» **Your instructions**: Your task is to copy the listing exactly. Drop any pictures from the copy.

Recorded data Start Marker

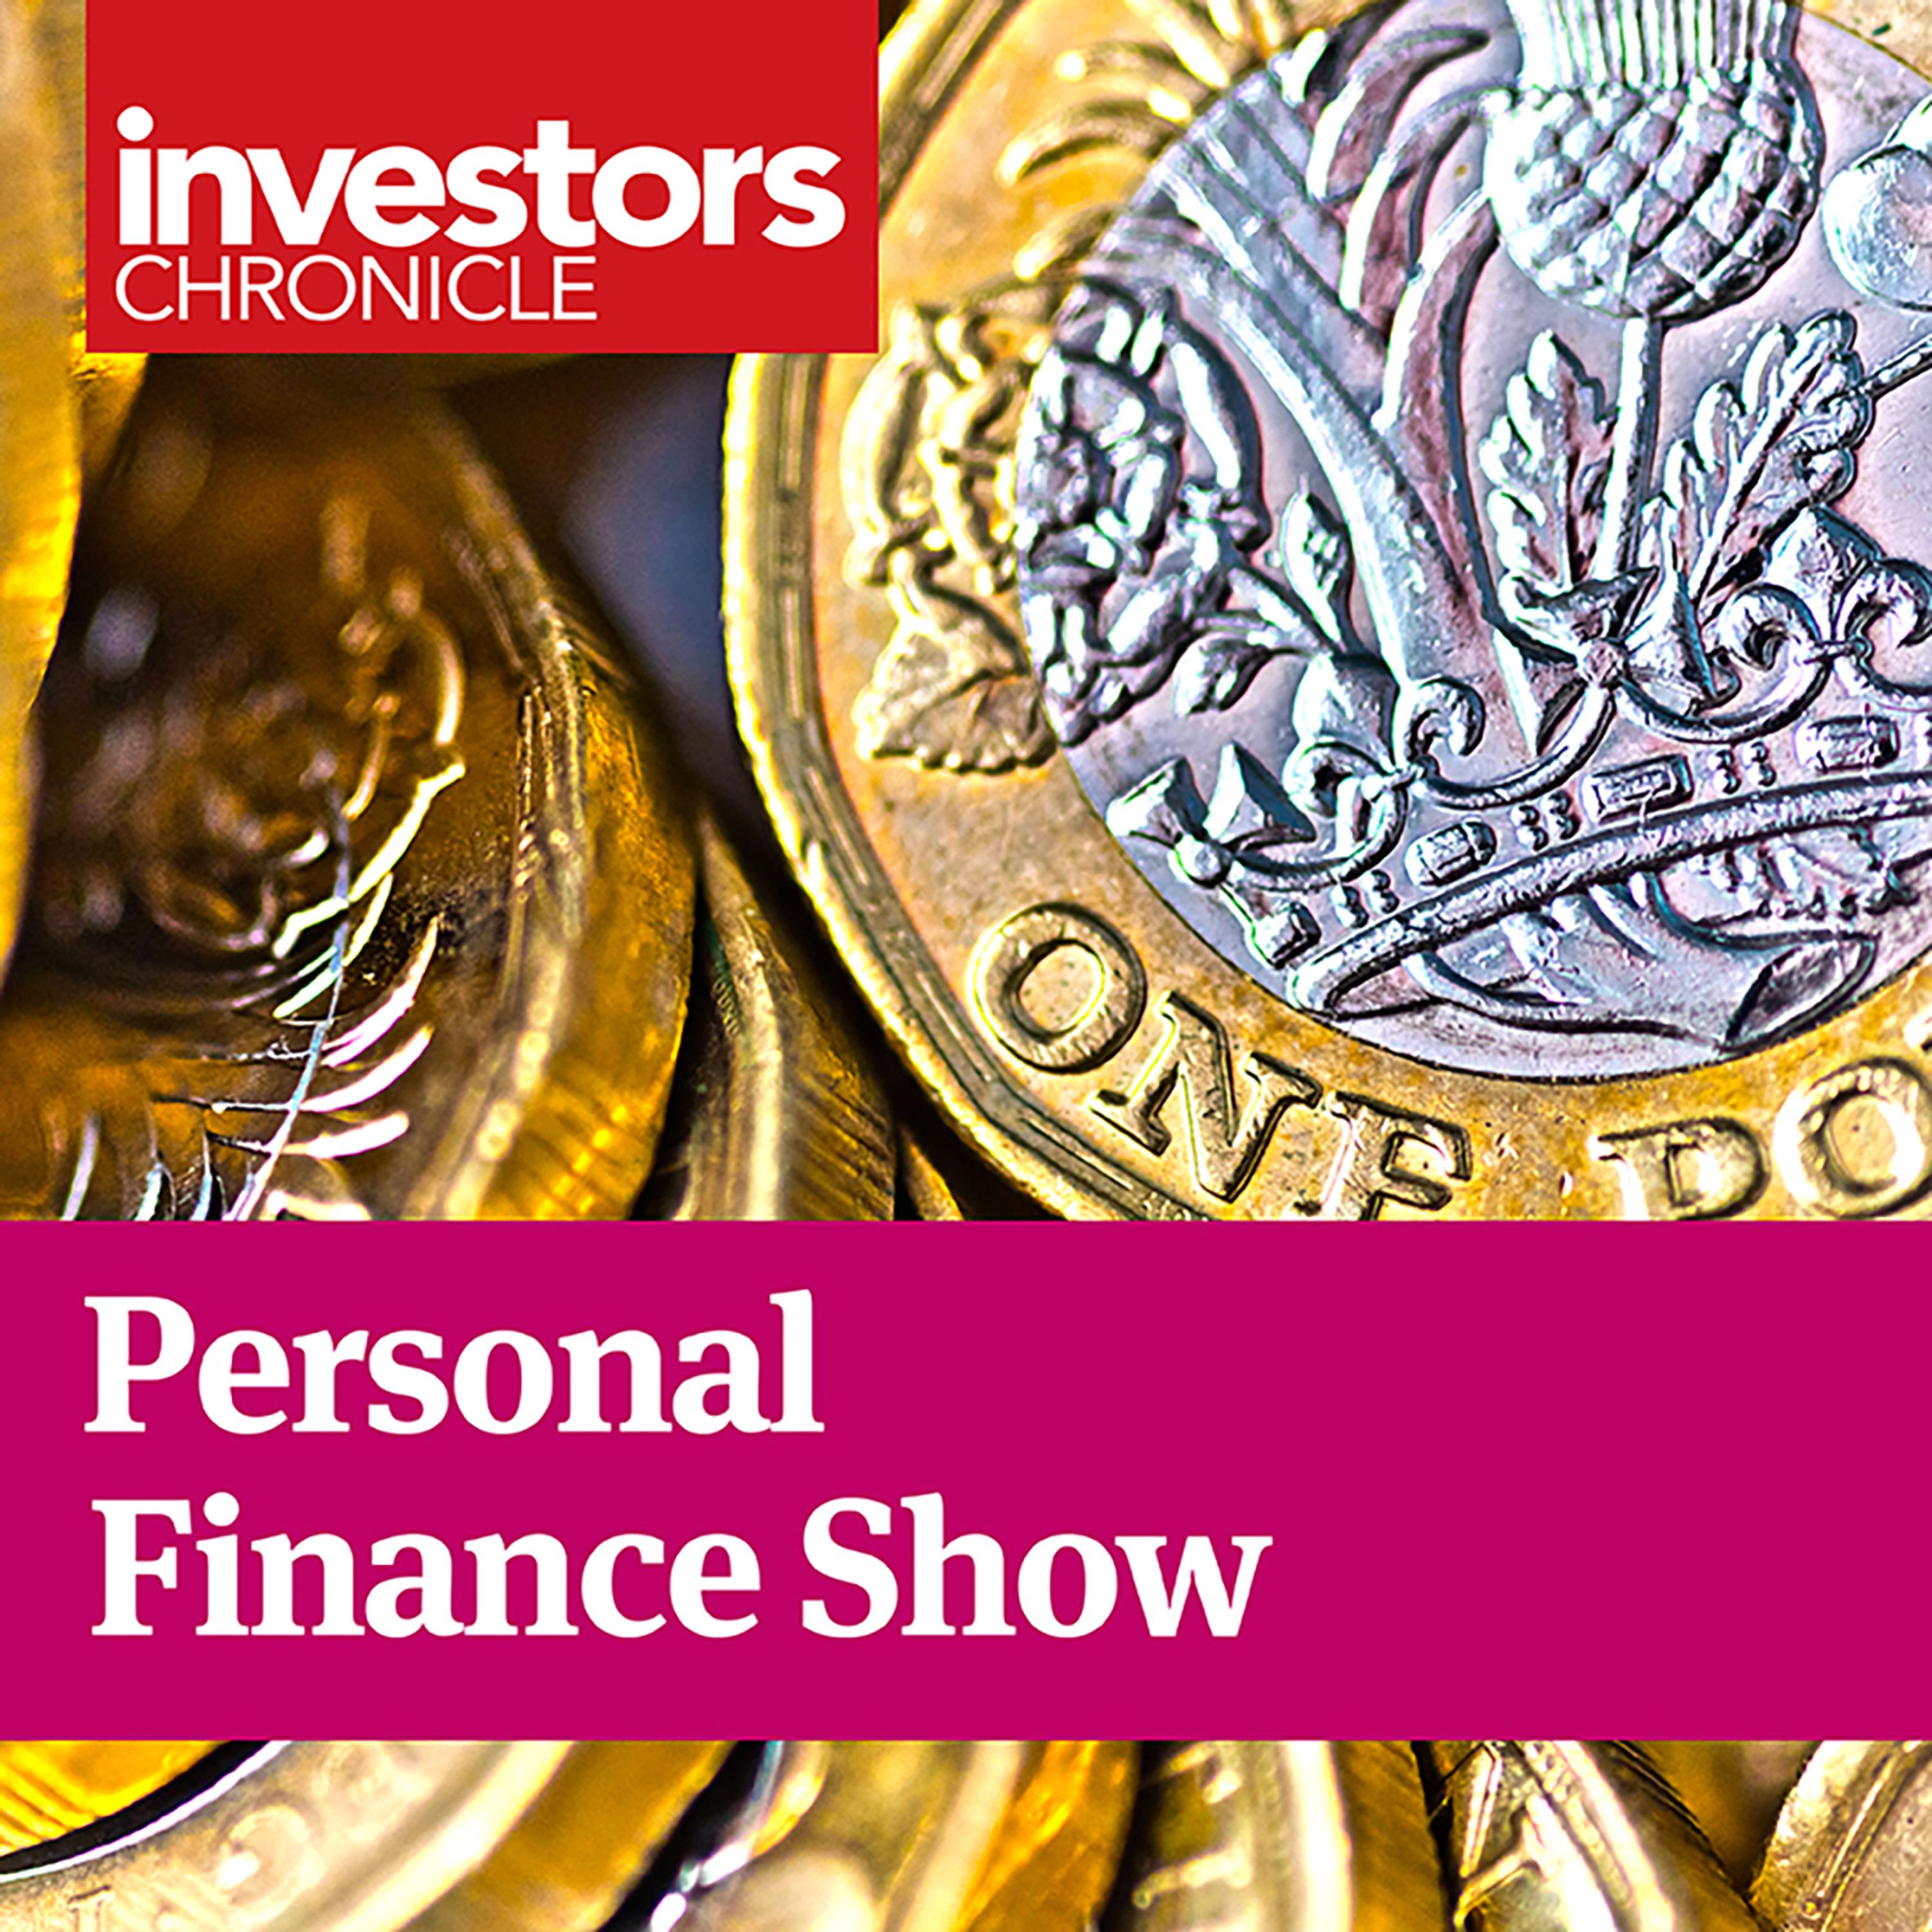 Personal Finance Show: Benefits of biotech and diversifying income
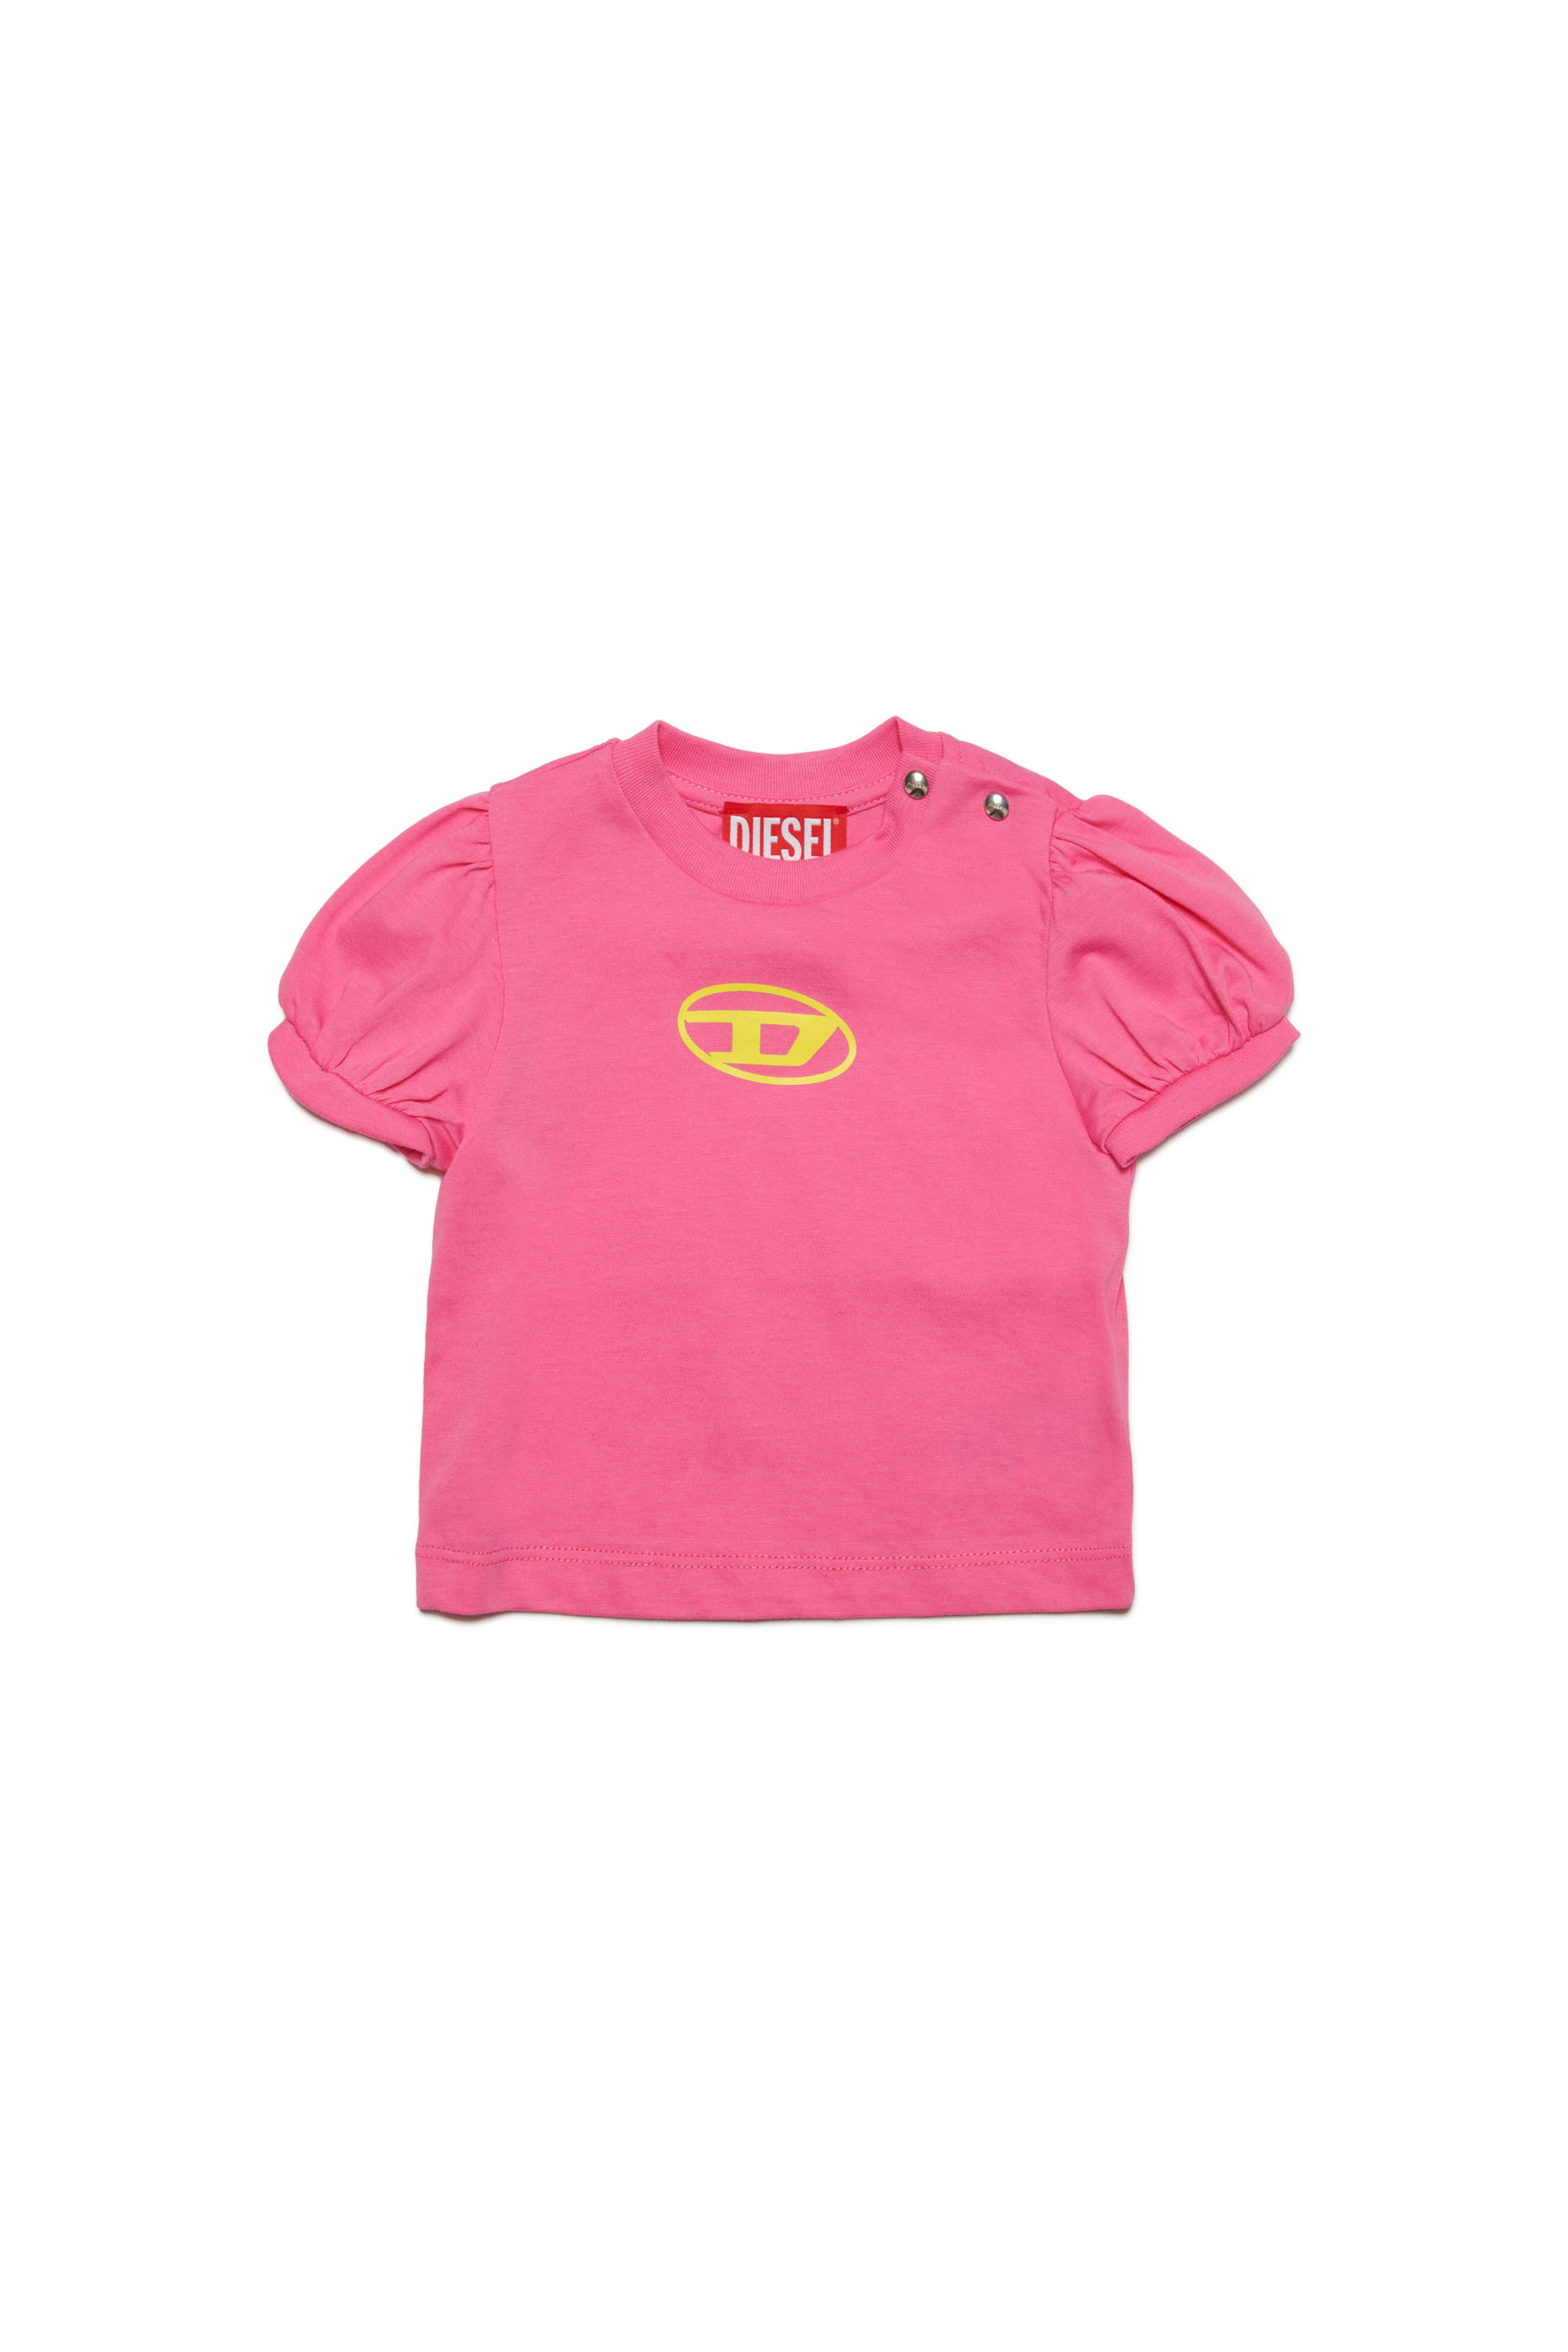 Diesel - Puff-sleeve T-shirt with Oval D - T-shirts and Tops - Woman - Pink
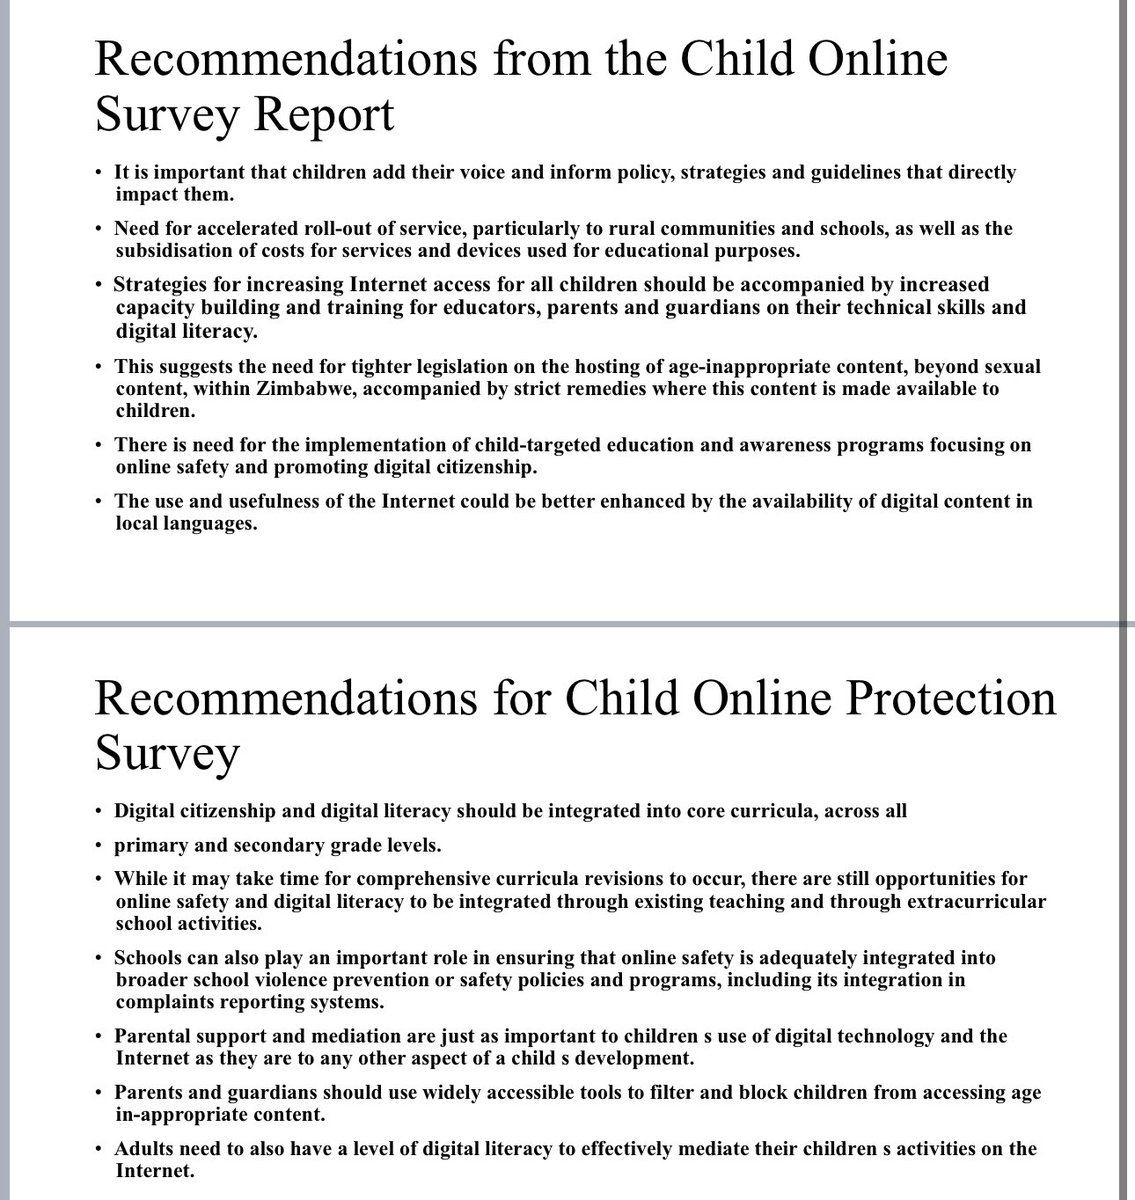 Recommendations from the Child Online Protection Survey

Recorded data End Marker

» **Solution to this exercise**:
 Personal Finance Show: Benefits of biotech and diversifying income
 Diesel - Puff-sleeve T-shirt with Oval D - T-shirts and Tops - Woman - Pink
 Recommendations from the Child Online Protection Survey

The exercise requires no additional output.